▶ _PROVIDED MATERIAL_
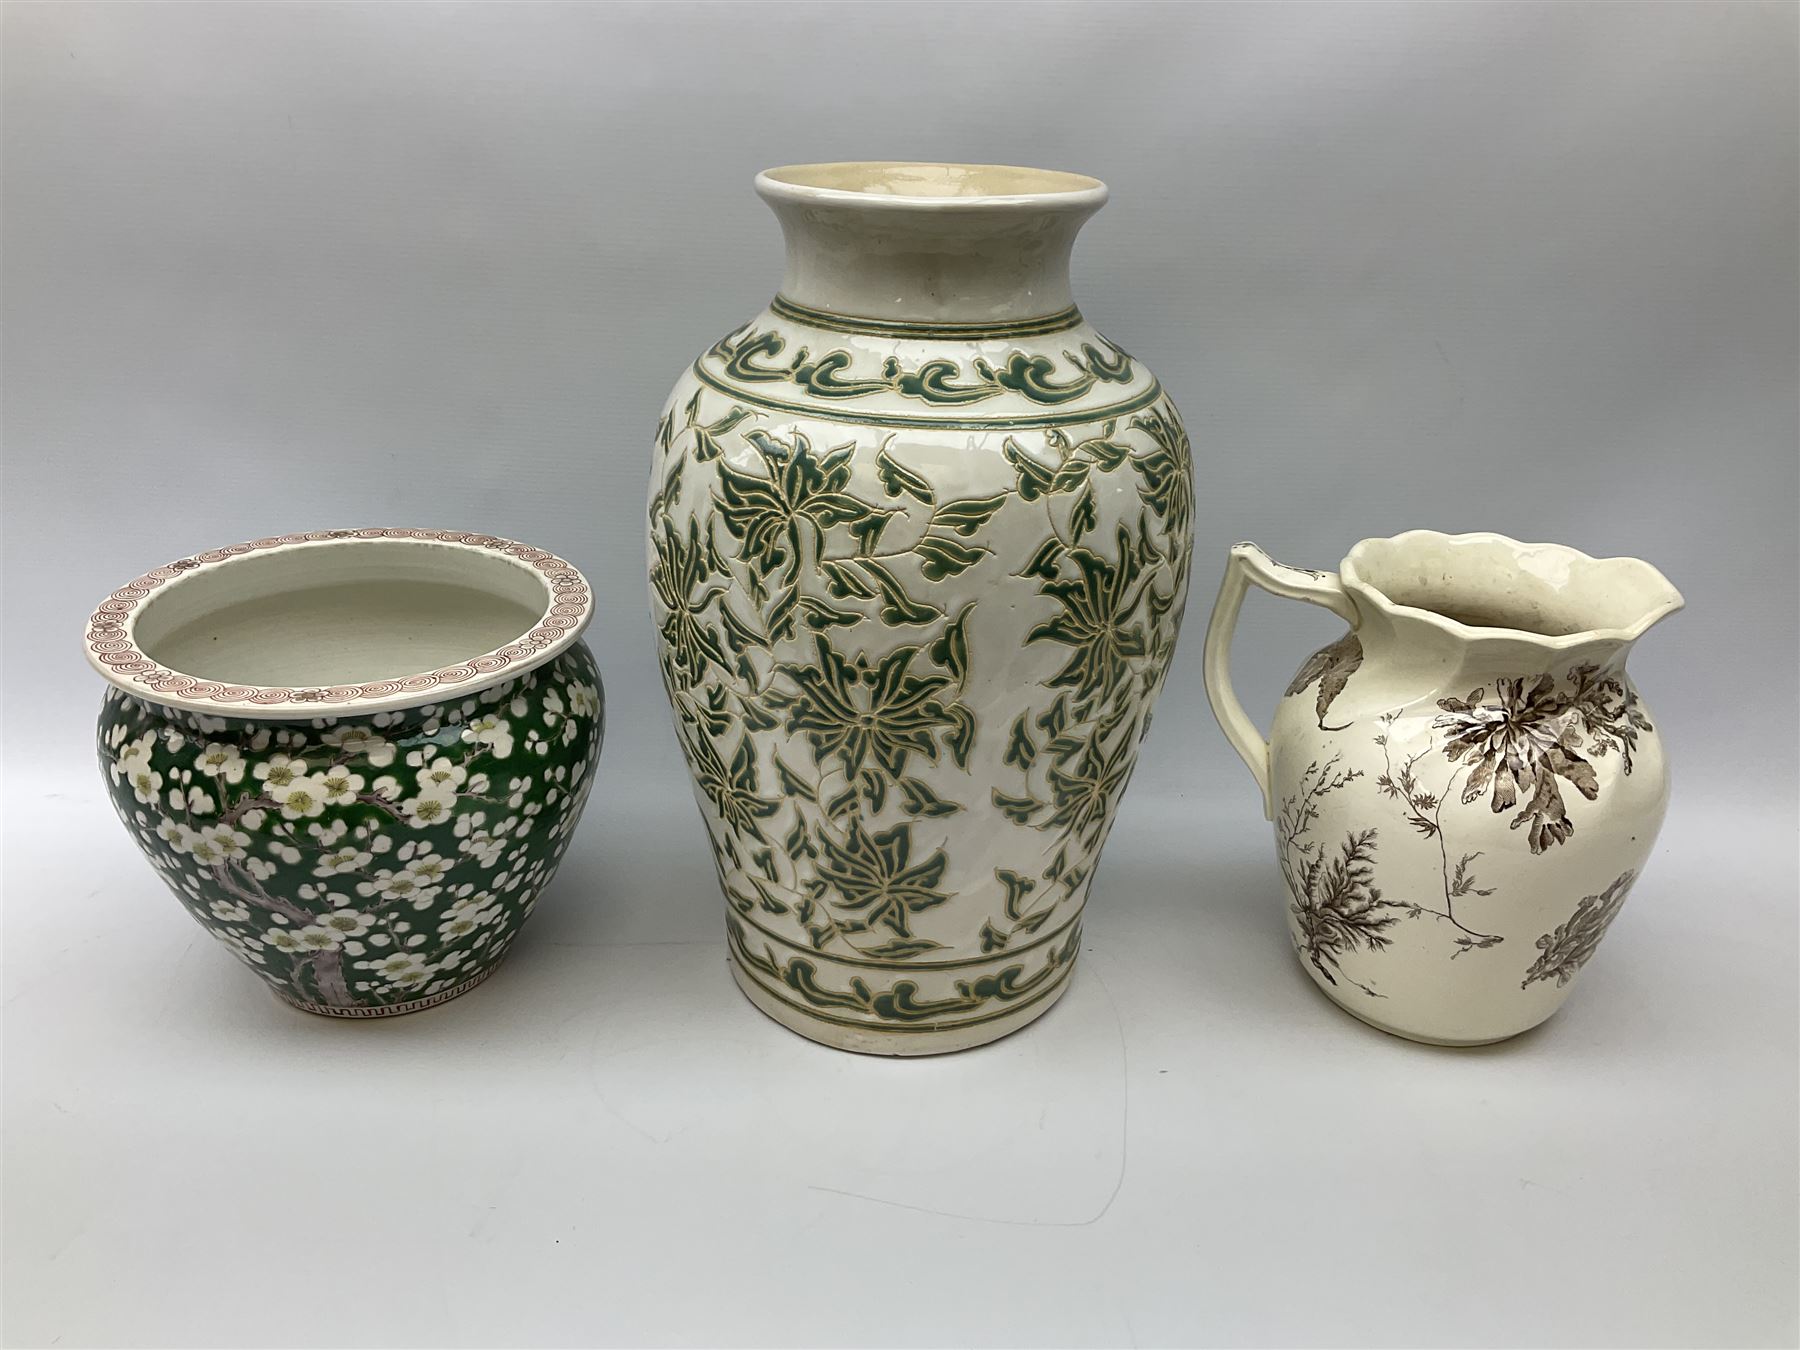 Large stoneware vase of baluster form decorated with green foliate design on white ground - Image 3 of 5
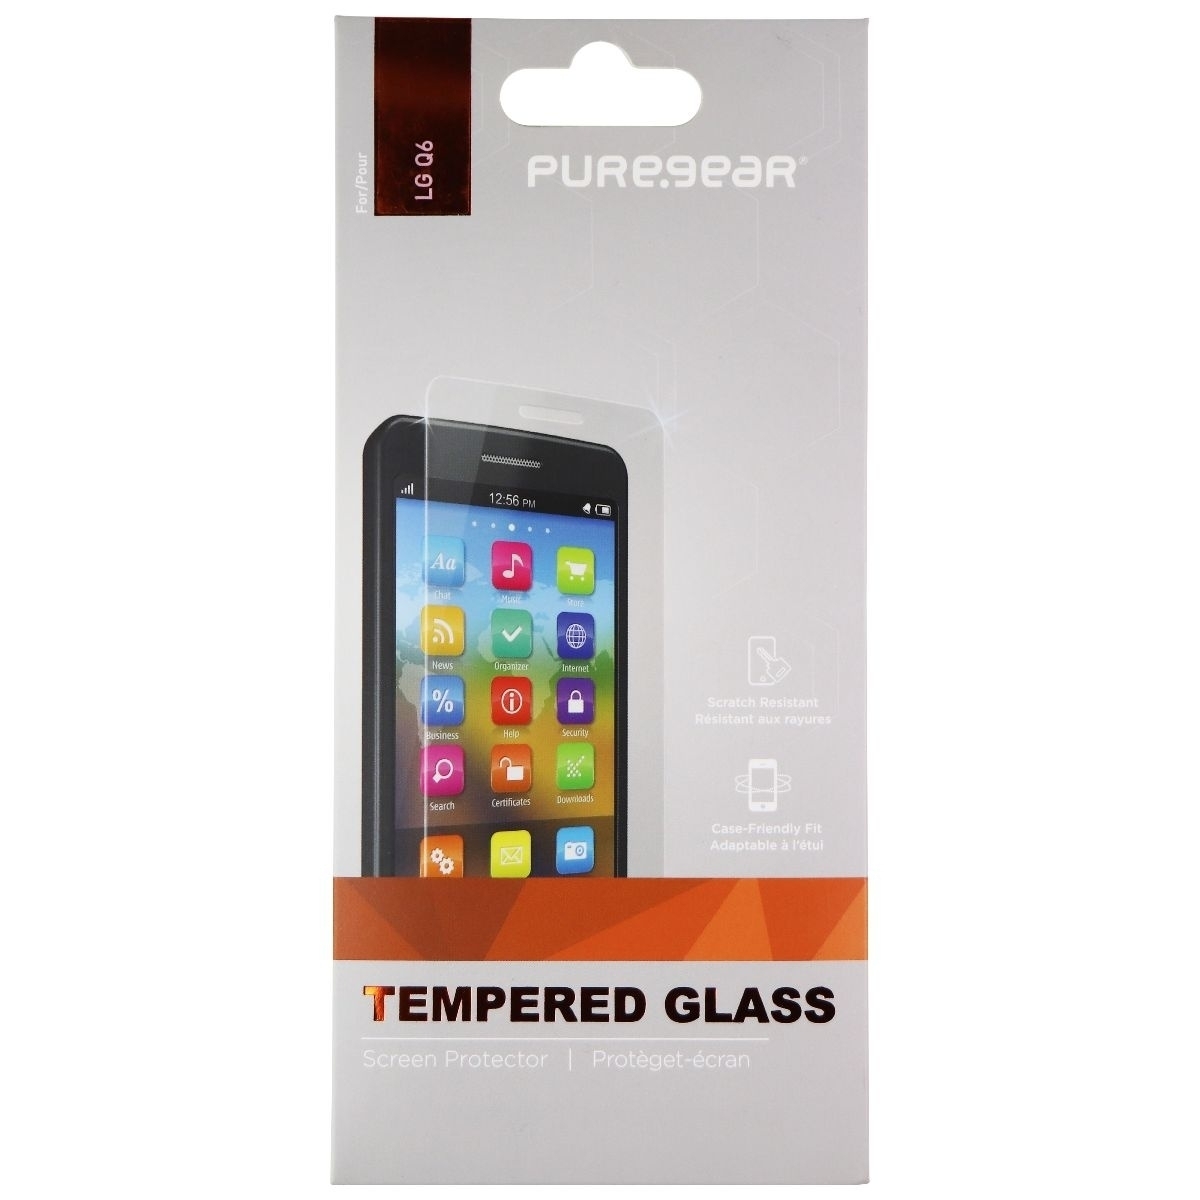 PureGear Tempered Glass Screen Protector For LG Q6 - Clear
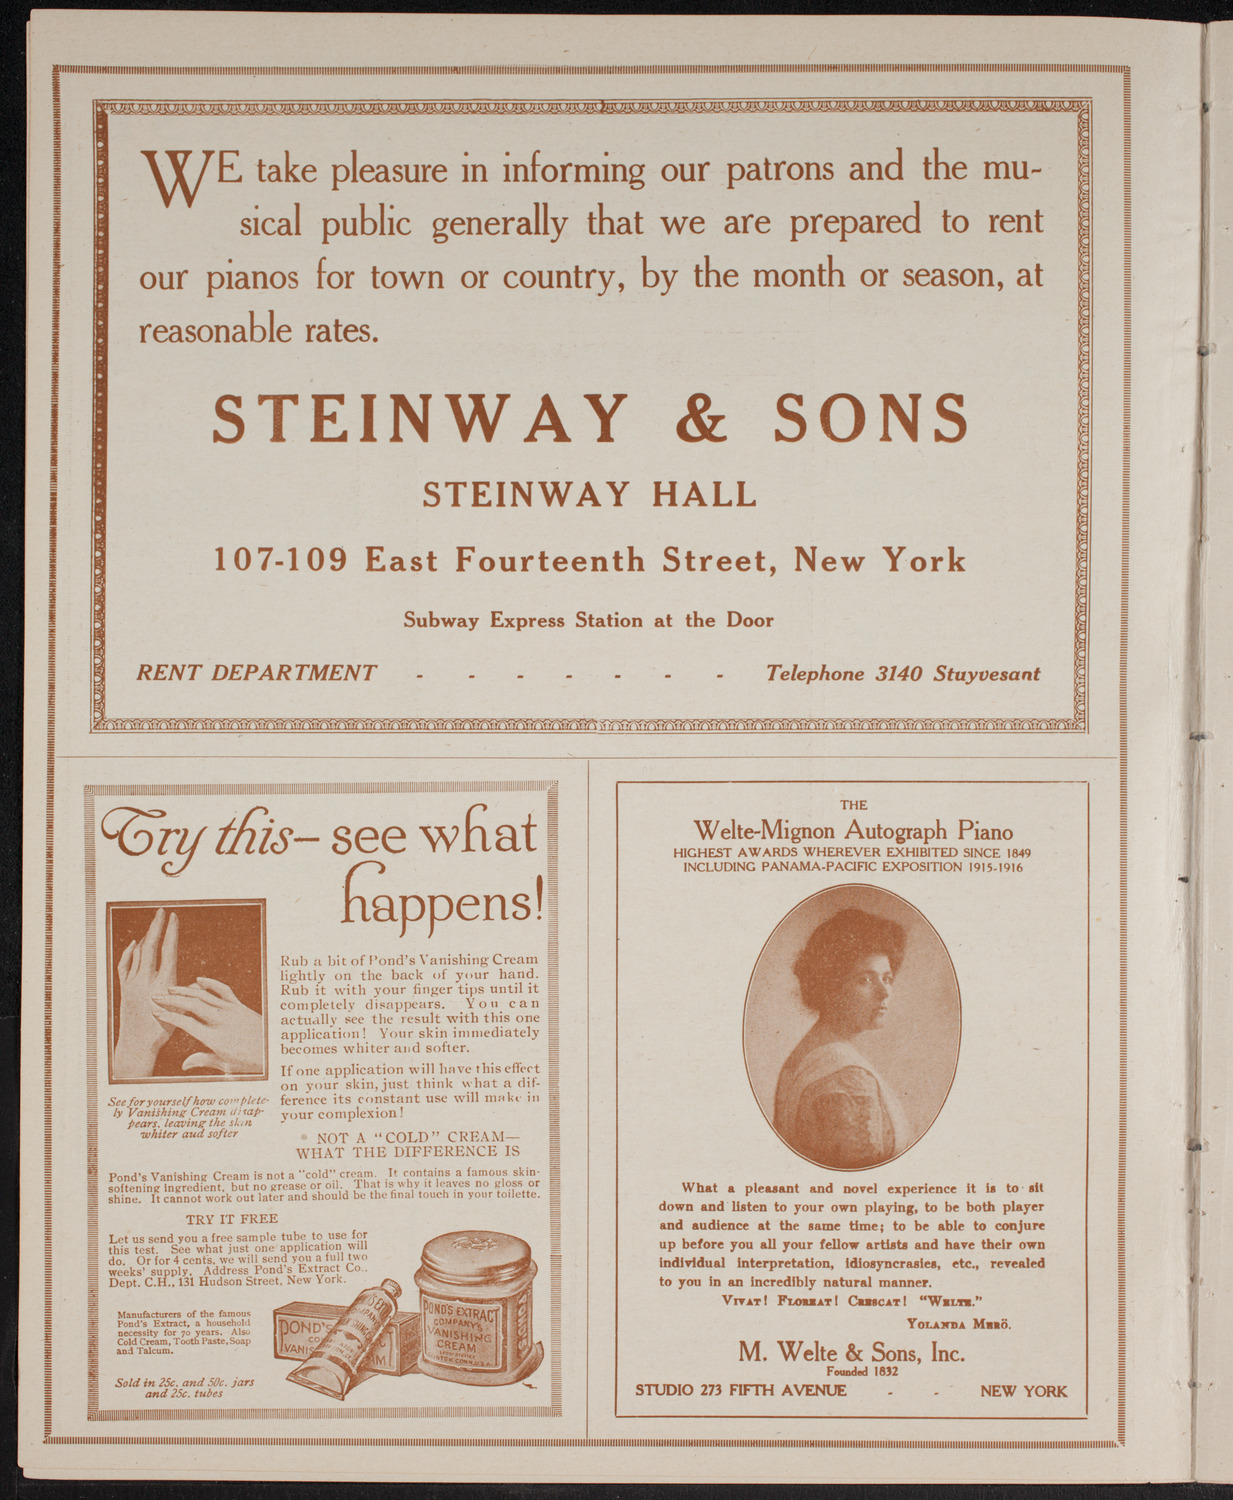 Graduation: College of Dental and Oral Surgery of New York, June 6, 1916, program page 4
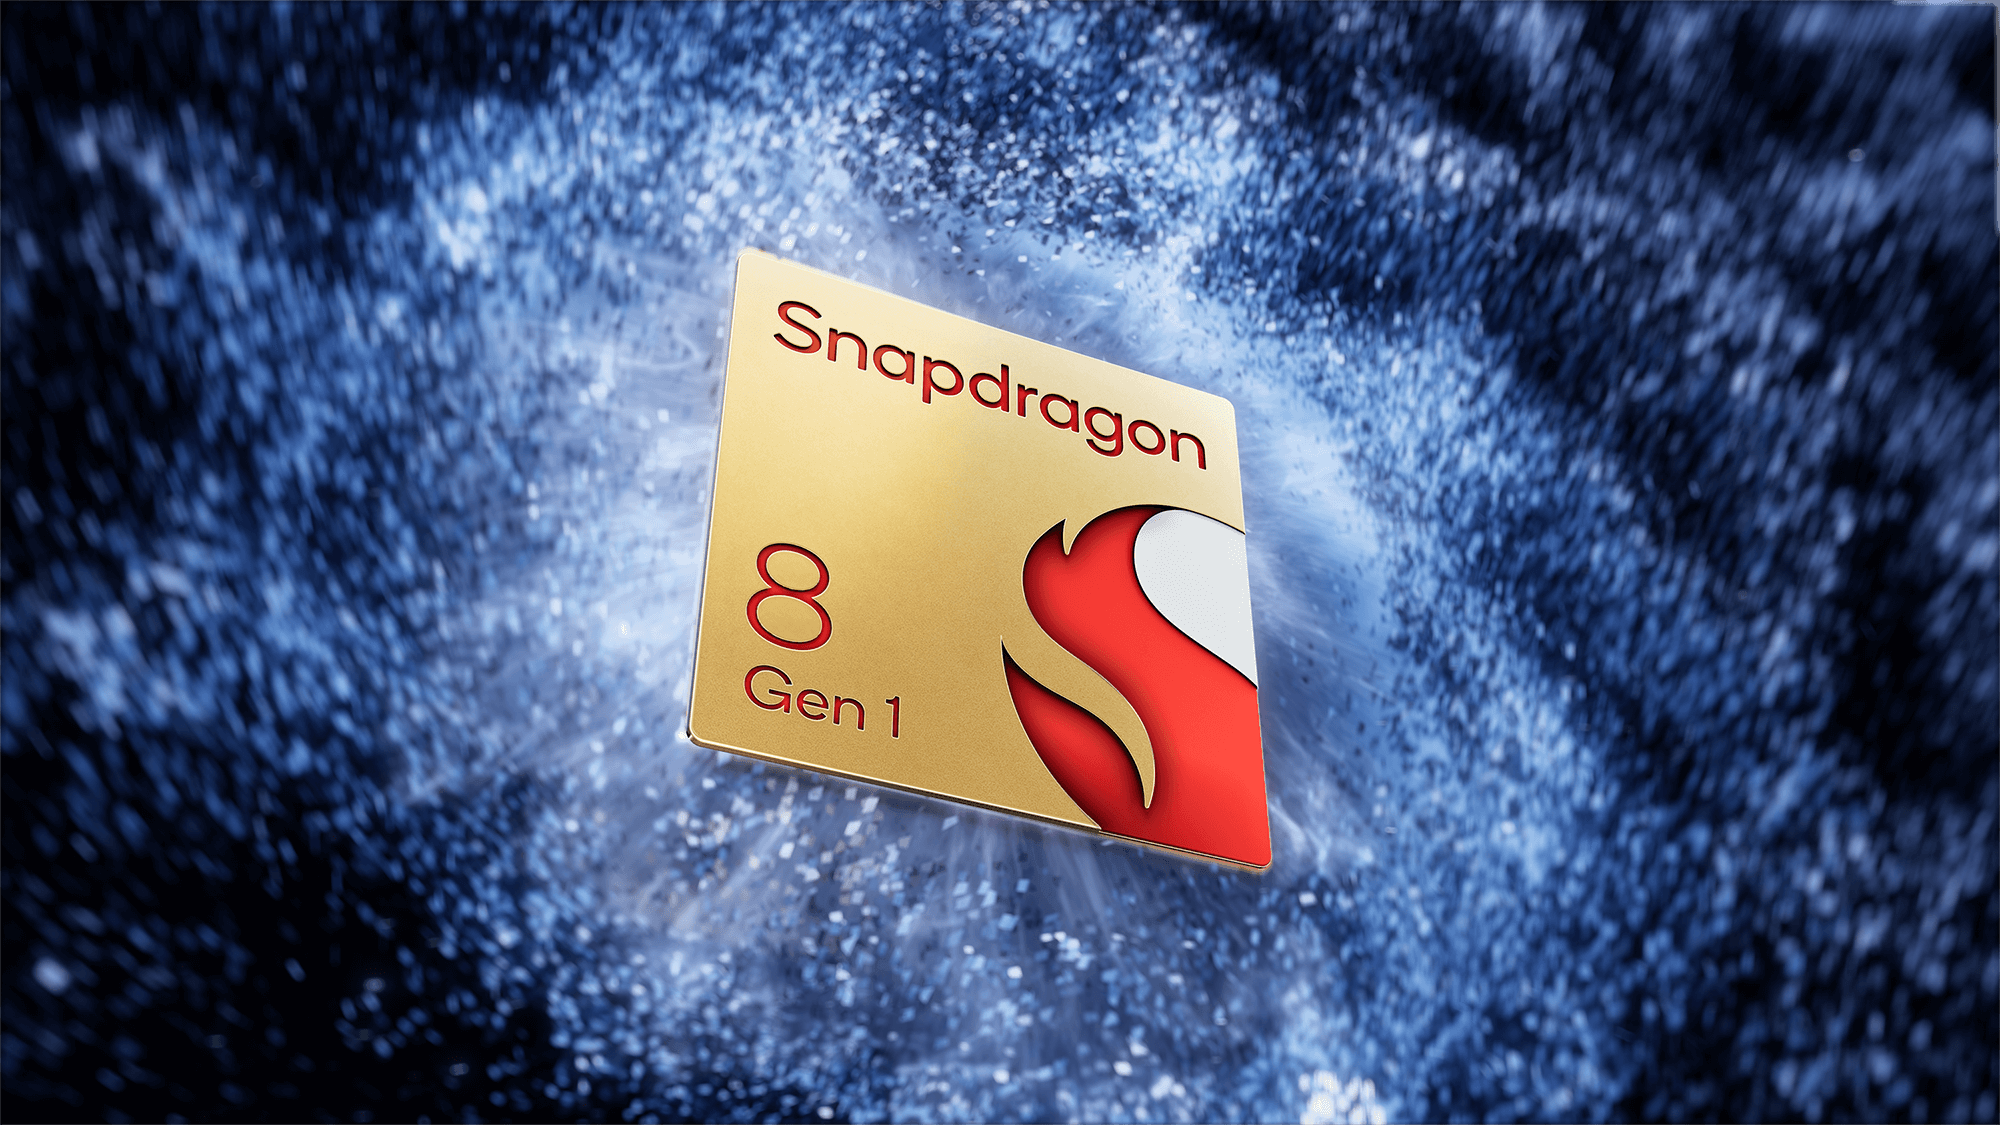 Official list of manufacturers that will use the Snapdragon 8 Gen1 chip

▶ _WORK ITEM_
All of the material above should be written out exactly as given, minus any images.

▶ _TASK RESPONSE_
 Large stoneware vase of baluster form decorated with green foliate design on white ground - Image 3 of 5
 PureGear Tempered Glass Screen Protector For LG Q6 - Clear
 Graduation: College of Dental and Oral Surgery of New York, June 6, 1916, program page 4
 Official list of manufacturers that will use the Snapdragon 8 Gen1 chip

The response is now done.